§ WHAT IS BEING ASKED
The pictures stay out. Please retype every line below exactly.

§ GIVEN MATERIAL

________

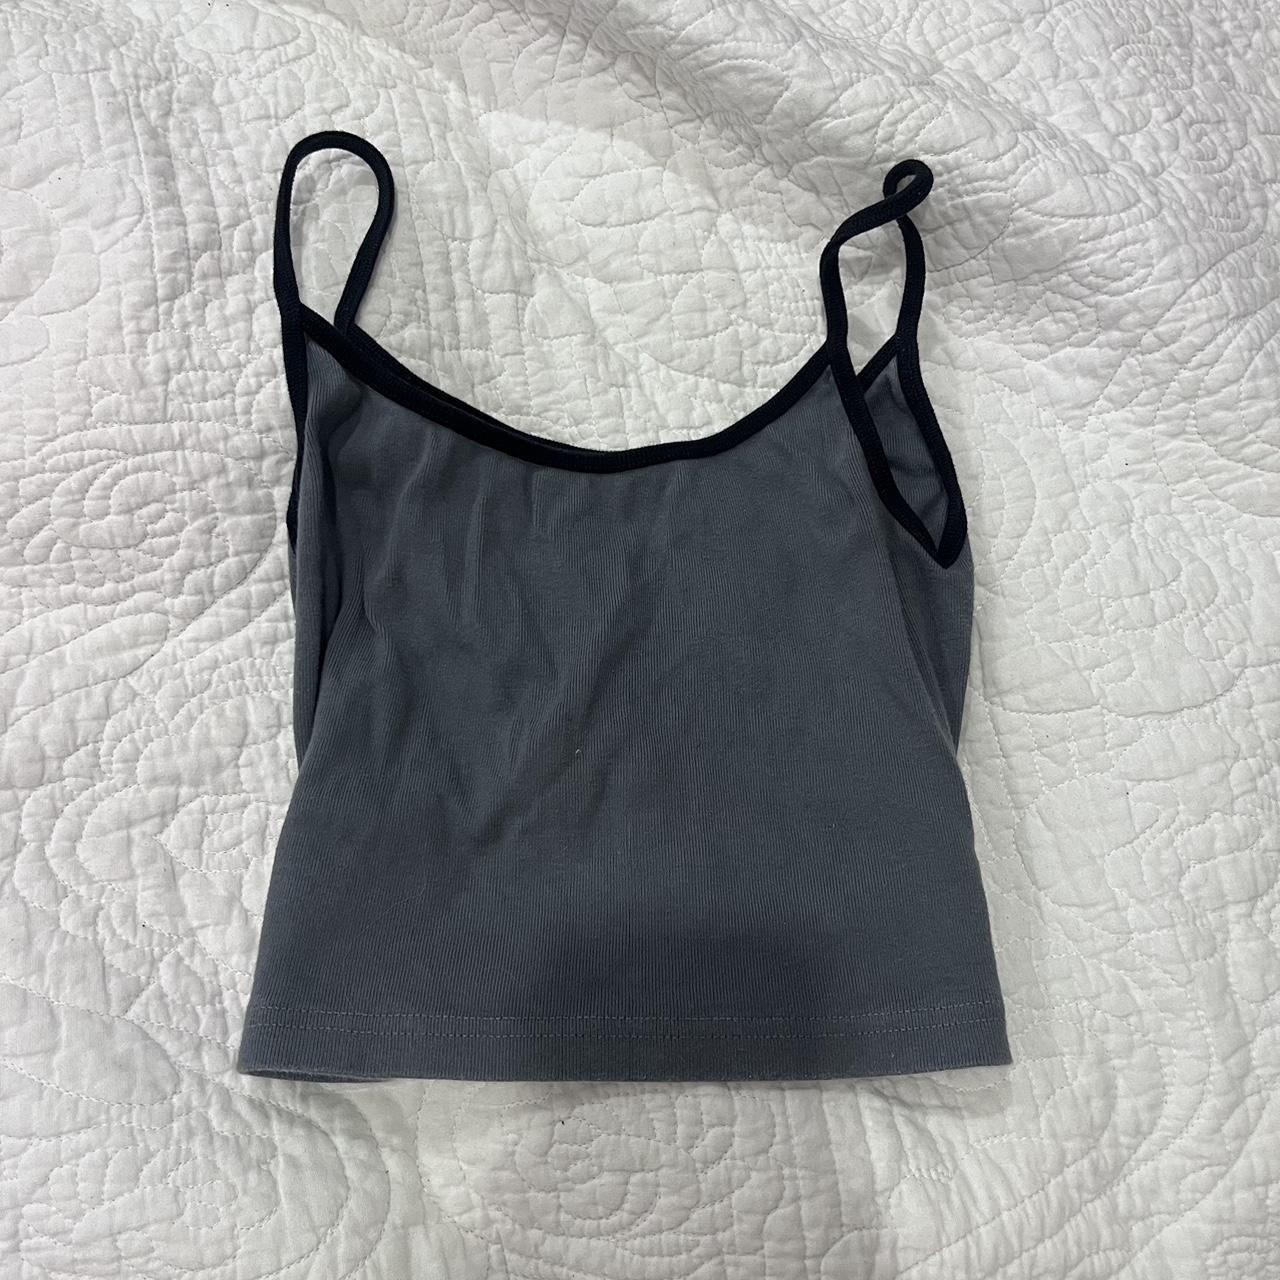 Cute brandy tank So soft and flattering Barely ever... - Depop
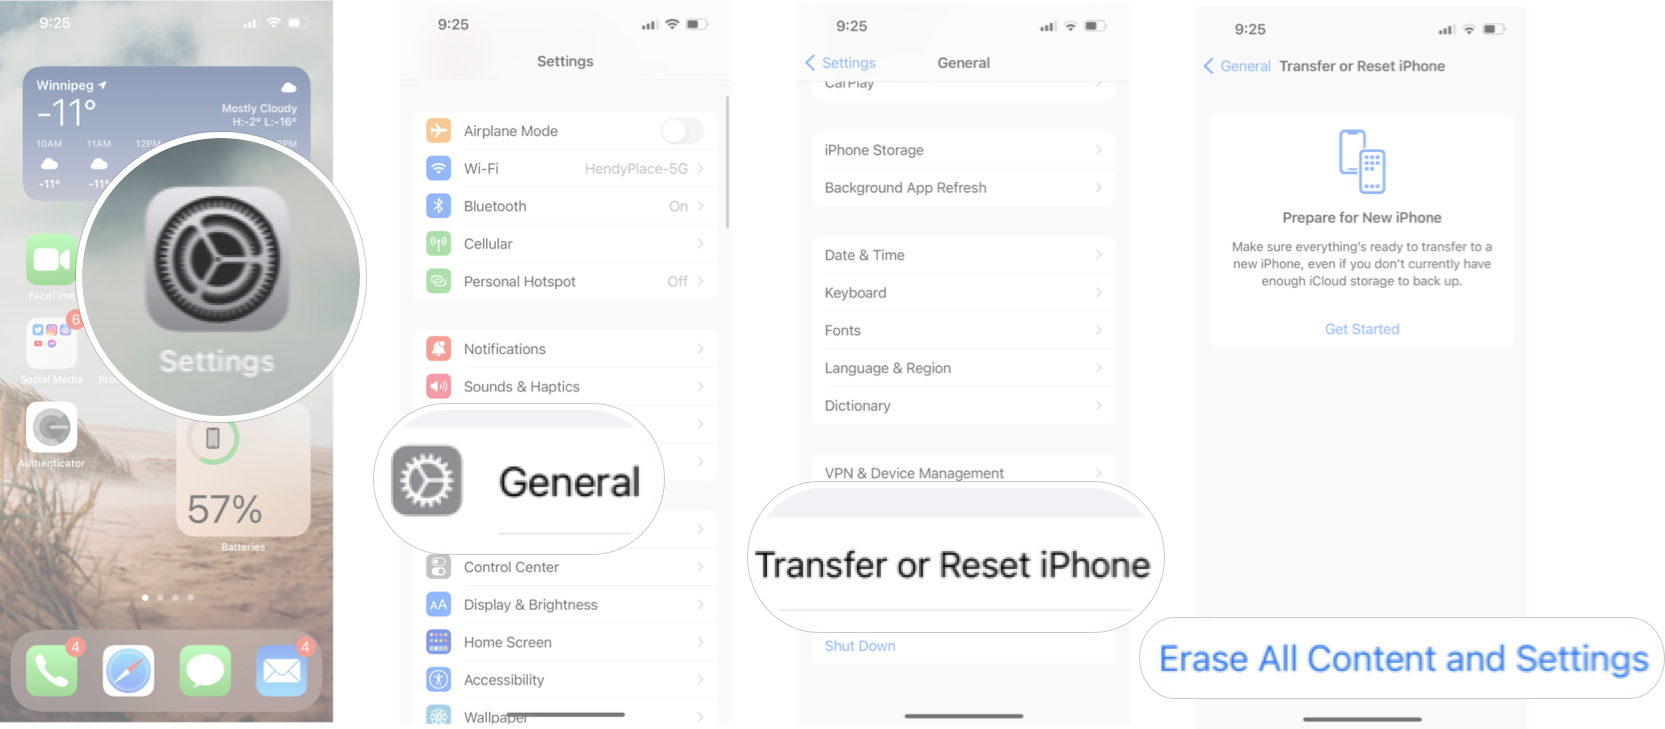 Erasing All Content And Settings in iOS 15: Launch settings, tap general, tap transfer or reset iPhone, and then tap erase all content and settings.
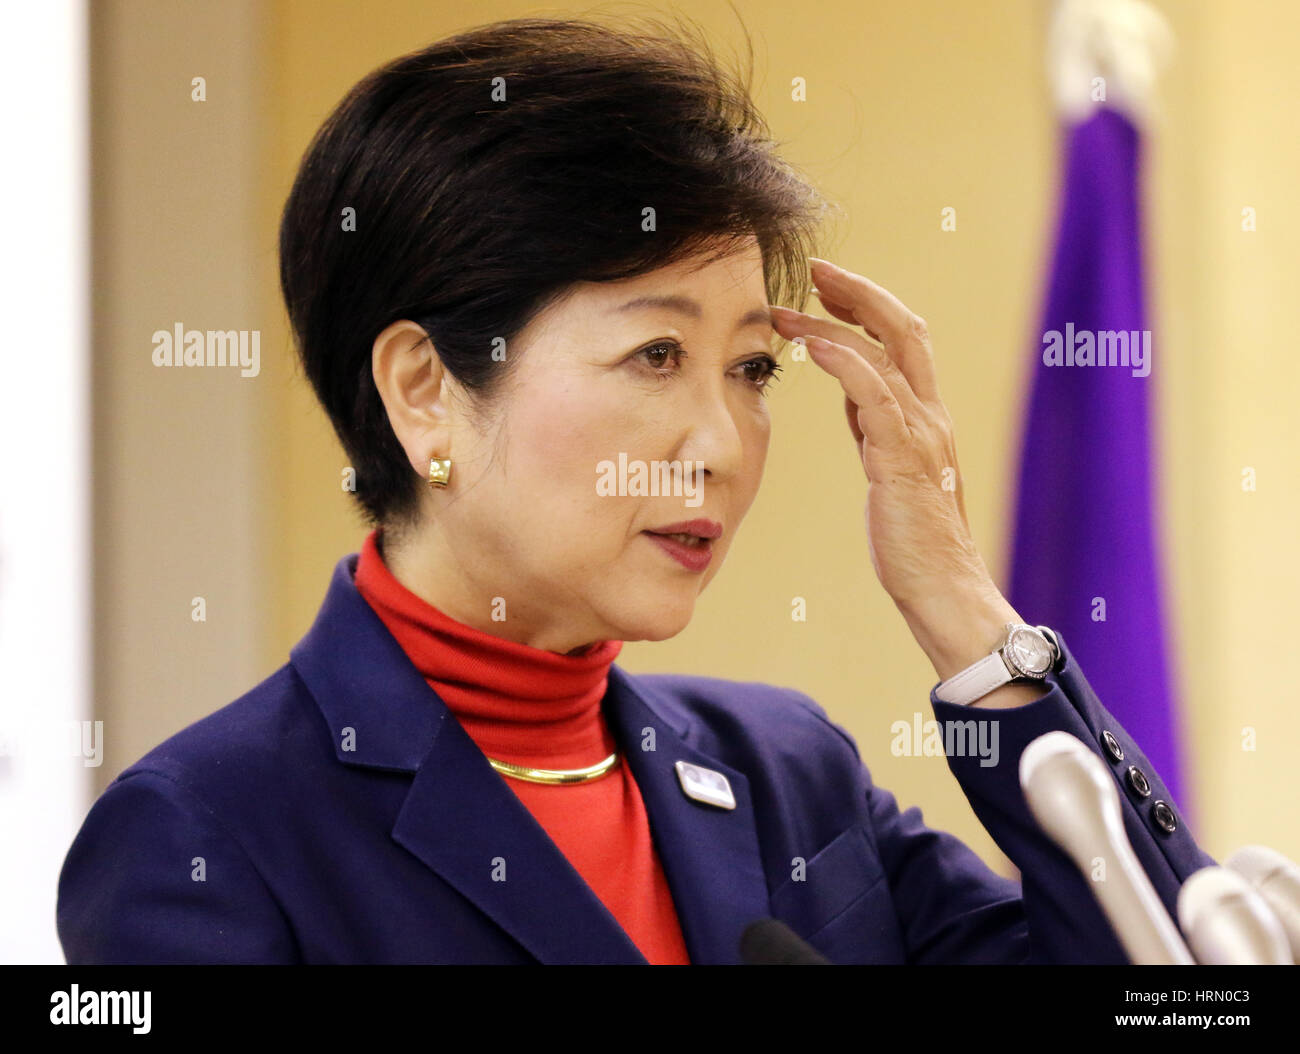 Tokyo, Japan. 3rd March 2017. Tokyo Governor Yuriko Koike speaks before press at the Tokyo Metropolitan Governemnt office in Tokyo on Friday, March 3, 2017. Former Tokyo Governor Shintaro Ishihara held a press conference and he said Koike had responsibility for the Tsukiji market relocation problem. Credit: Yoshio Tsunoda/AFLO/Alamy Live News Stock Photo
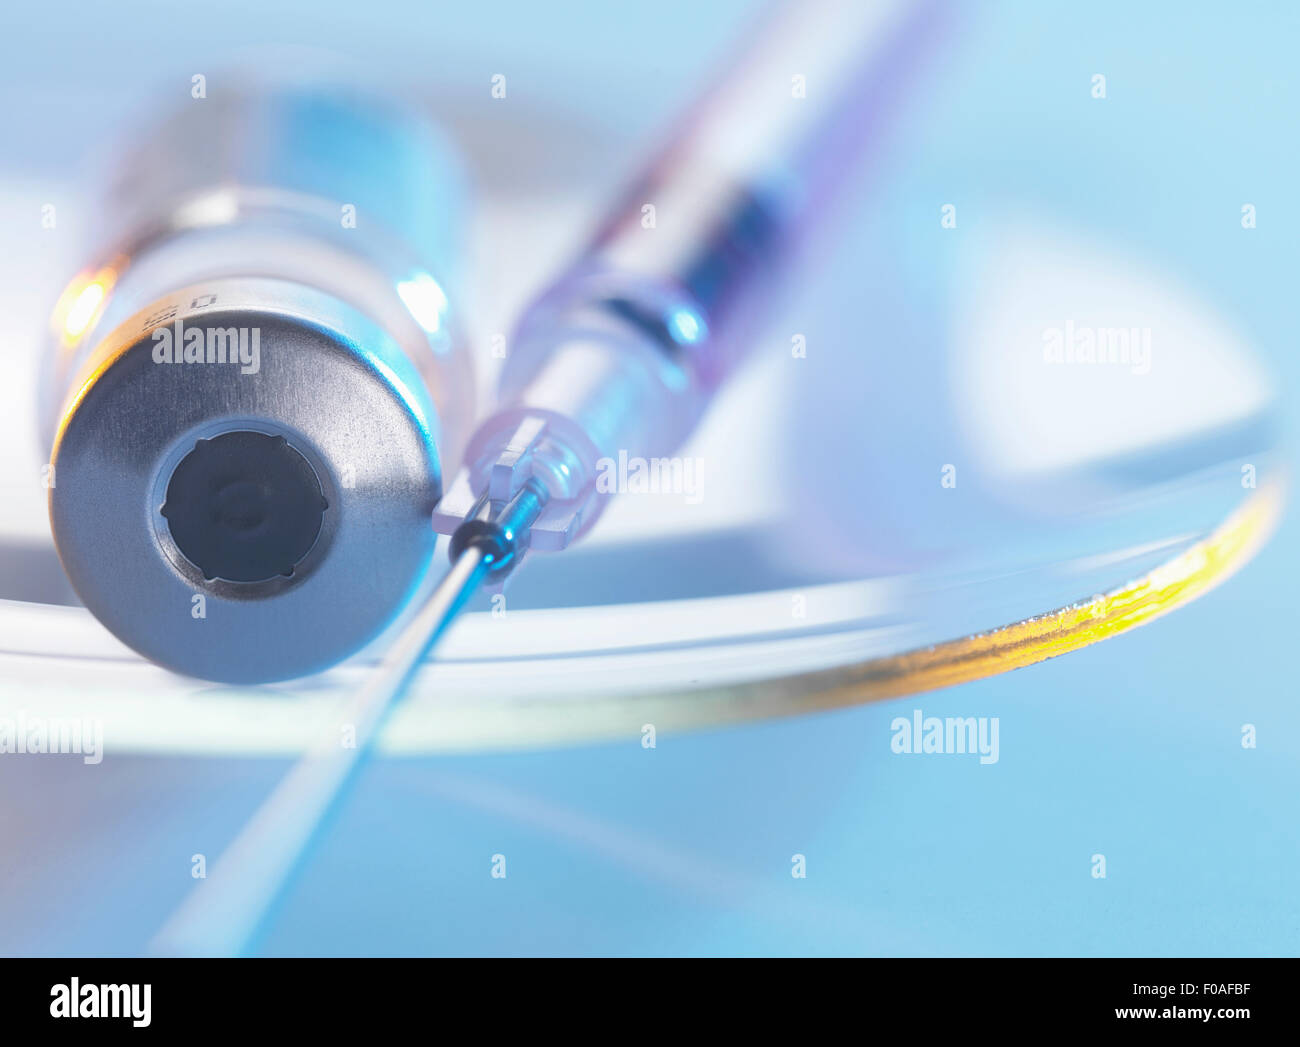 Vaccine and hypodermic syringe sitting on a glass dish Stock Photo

________

§ OUTPUT FOR THIS TASK
 Cute brandy tank So soft and flattering Barely ever... - Depop
 Erasing All Content And Settings in iOS 15: Launch settings, tap general, tap transfer or reset iPhone, and then tap erase all content and settings.
 Tokyo, Japan. 3rd March 2017. Tokyo Governor Yuriko Koike speaks before press at the Tokyo Metropolitan Governemnt office in Tokyo on Friday, March 3, 2017. Former Tokyo Governor Shintaro Ishihara held a press conference and he said Koike had responsibility for the Tsukiji market relocation problem. Credit: Yoshio Tsunoda/AFLO/Alamy Live News Stock Photo
 Vaccine and hypodermic syringe sitting on a glass dish Stock Photo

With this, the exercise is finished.